● WHAT TO PRODUCE: Match the string "concept" against each line below, and copy every line that matches.

*** EXERCISE DATA ***

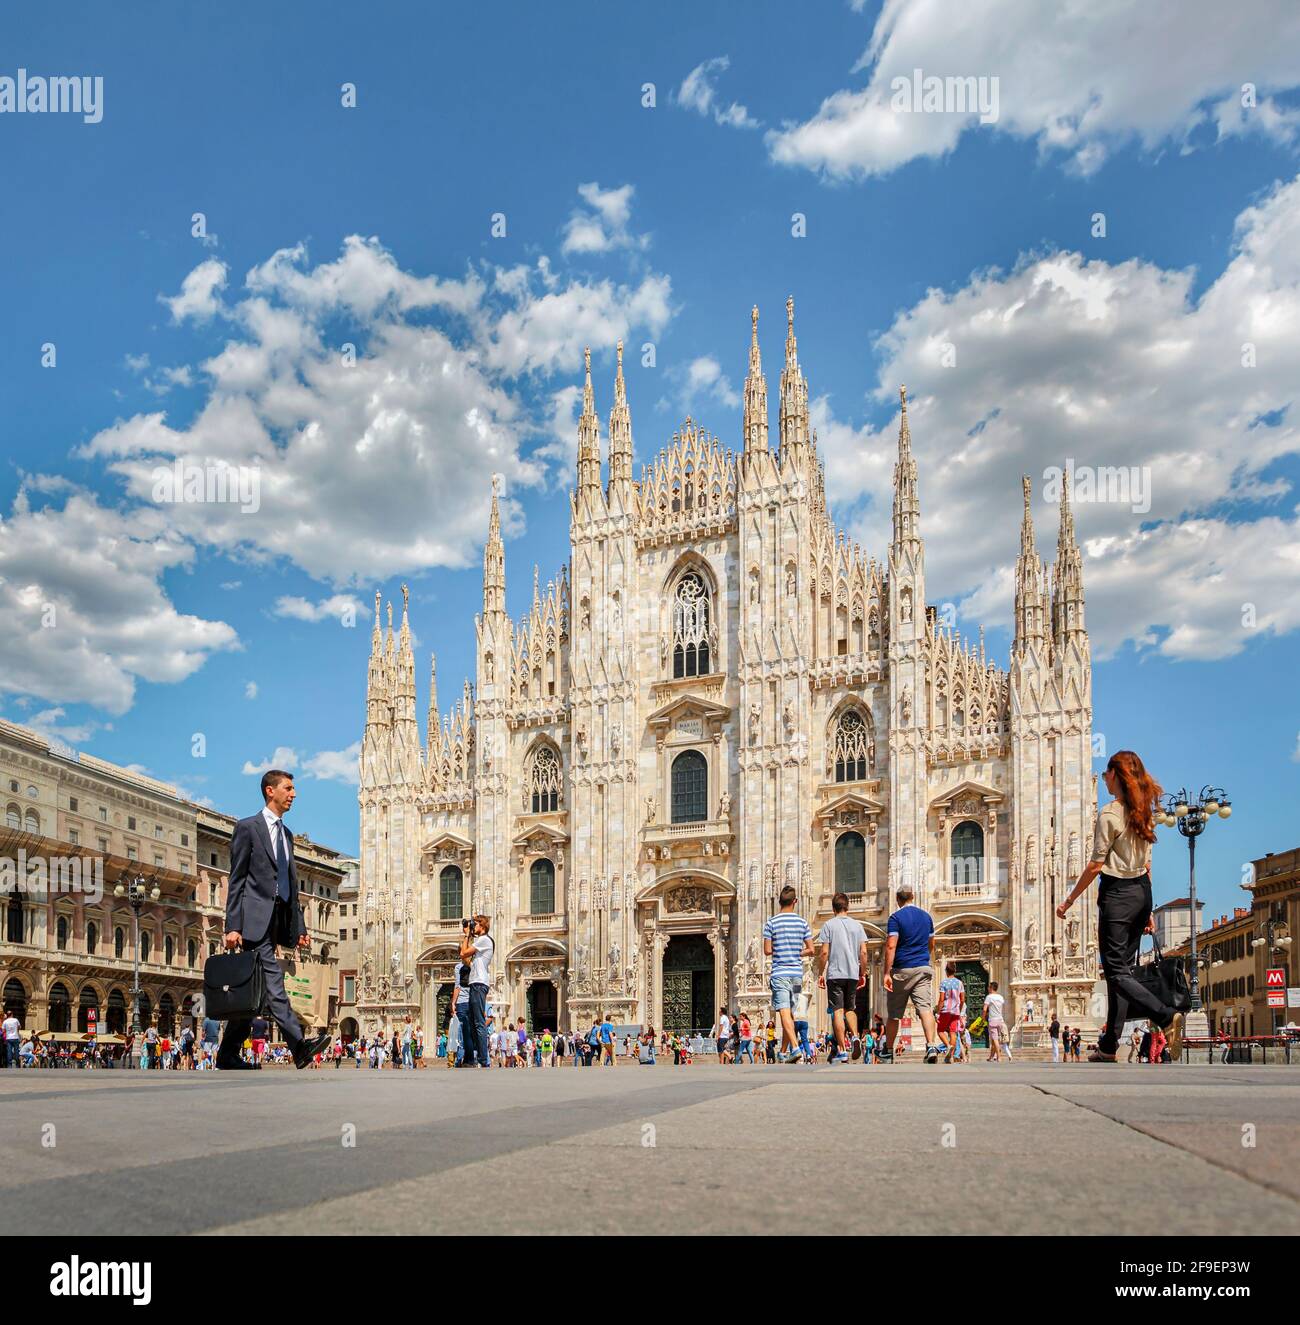 Milan, Milan Province, Lombardy, Italy.  The Duomo, or cathedral, in the Piazza del Duomo. Stock Photo
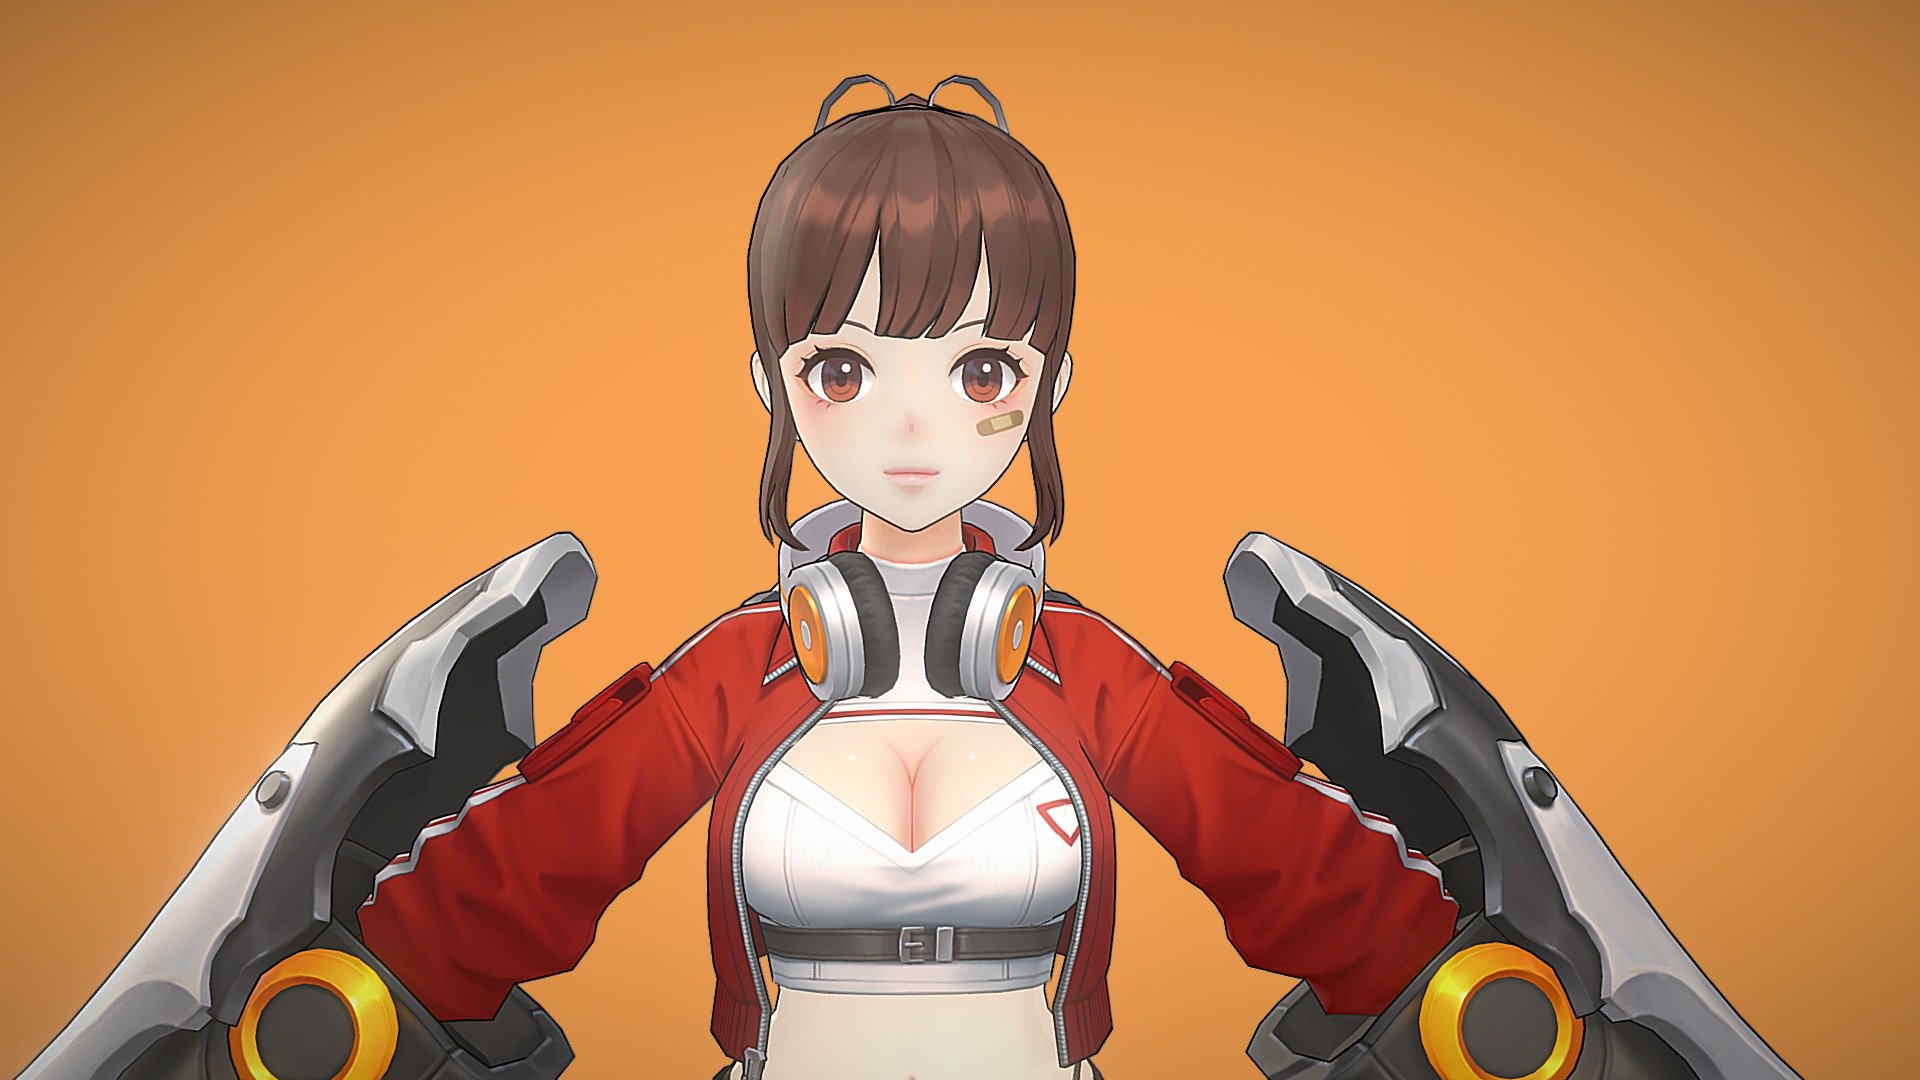 Hello

In my project, I designed a character with a school concept and performed 3D modeling.
This character is based on a track and field club concept. I have uploaded it to Sketchfab so it can be viewed in a 3D viewer.
You may refer to the modeling, but commercial use is not permitted. 
Thank you.

안녕하세요

저는 프로젝트에서 스쿨컨셉에 캐릭터를 기획하고 3d모델링 했습니다.
이 캐릭터는 육상부 컨셉에 캐릭터 입니다. 3D 뷰어로 볼 수 있도록 스케치팹에 업로드했습니다.
모델링을 참고하실 수는 있지만, 상업적 사용은 허용되지 않습니다.
감사합니다.

ⓒ 2022. (NovaCore) all rights reserved 3d model

*** End of EXERCISE DATA ***

● EXERCISE RESULT:
In my project, I designed a character with a school concept and performed 3D modeling.
This character is based on a track and field club concept. I have uploaded it to Sketchfab so it can be viewed in a 3D viewer.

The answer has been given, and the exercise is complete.